Given these dynamics, underwriting should assume average-to-cautious insurance and security line items and leverage neighborhood trend monitoring rather than block-level assumptions.

Proximity to Major Employers

Proximity to regional headquarters underpins a diverse employment base that can support leasing stability for workforce housing. Key nearby employers include VF, Laboratory Corp. of America, Hanesbrands, Reynolds American, and BB&T Corp., providing a mix of apparel, healthcare diagnostics, consumer products, and financial services roles.

  • VF — apparel (16.5 miles) — HQ
  • Laboratory Corp. of America — healthcare diagnostics (20.8 miles) — HQ
  • Hanesbrands — apparel (35.1 miles) — HQ
  • Reynolds American — consumer products (36.3 miles) — HQ
  • BB&T Corp. — financial services (36.5 miles) — HQ
Why invest?

This 41-unit asset benefits from a renter-driven location, with the neighborhood’s renter-occupied share ranking in the top quartile locally and 3-mile demographics indicating recent population and household growth that expand the tenant base. While neighborhood occupancy levels sit below the metro median, steady demand from workforce households can support leasing durability with hands-on management and resident retention programs.
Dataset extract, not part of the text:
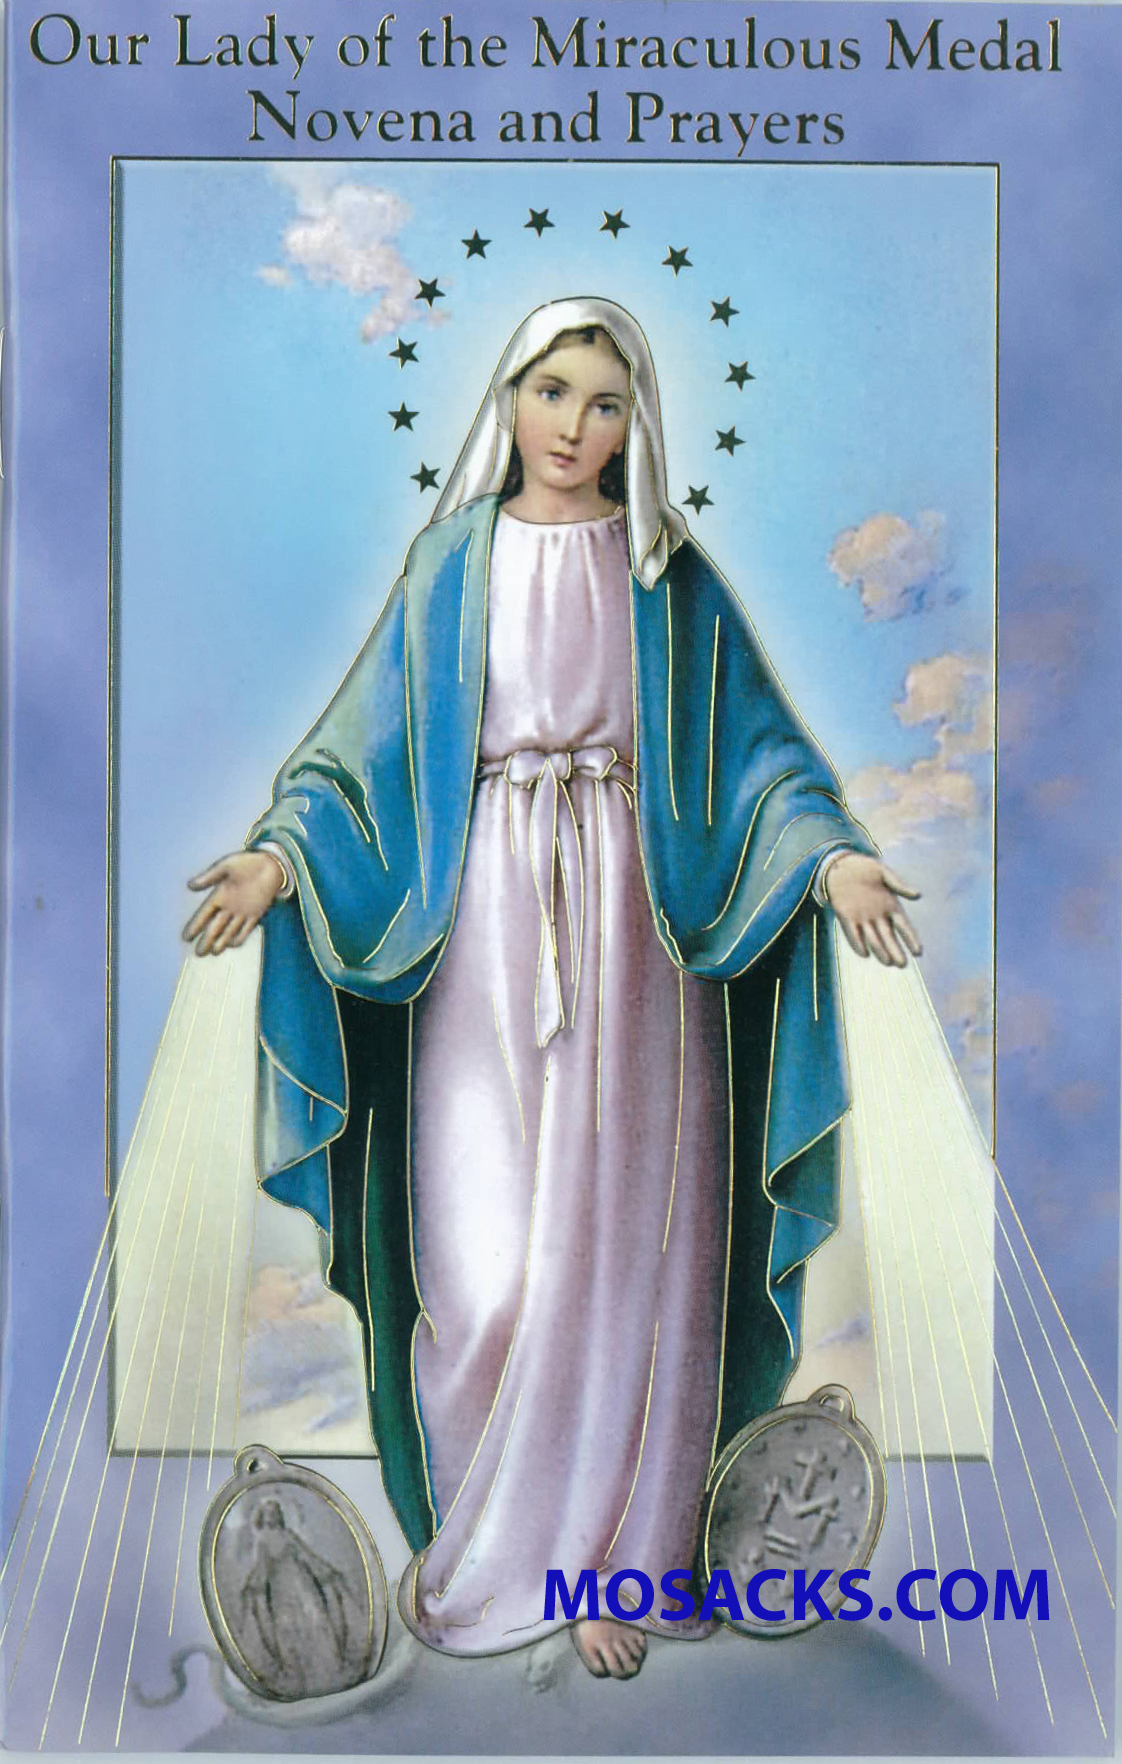 Our Lady of the Miraculous Medal Novena Prayer Book 12-2432-253

Built in 2000, the property is newer than much of the surrounding stock, providing relative competitiveness versus older assets. According to CRE market data from WDSuite, ownership costs in the area are comparatively low, so underwriting should consider potential competition from entry-level ownership while leveraging the location’s need-based demand and manageable rent-to-income dynamics. Targeted upgrades and operational focus offer a path to stabilize occupancy and optimize pricing without relying on outsized rent growth assumptions.

  • Renter-heavy neighborhood supports depth of demand and leasing resilience.
  • 2000 vintage provides competitive positioning versus older local supply with planned mid-life capex.
  • Essential-service amenities (grocers, pharmacies) nearby align with workforce renter priorities.
  • Underwrite conservatively for below-metro neighborhood occupancy and potential competition from low-cost ownership.
  • Operational focus on retention and selective upgrades can drive stable NOI without aggressive rent assumptions.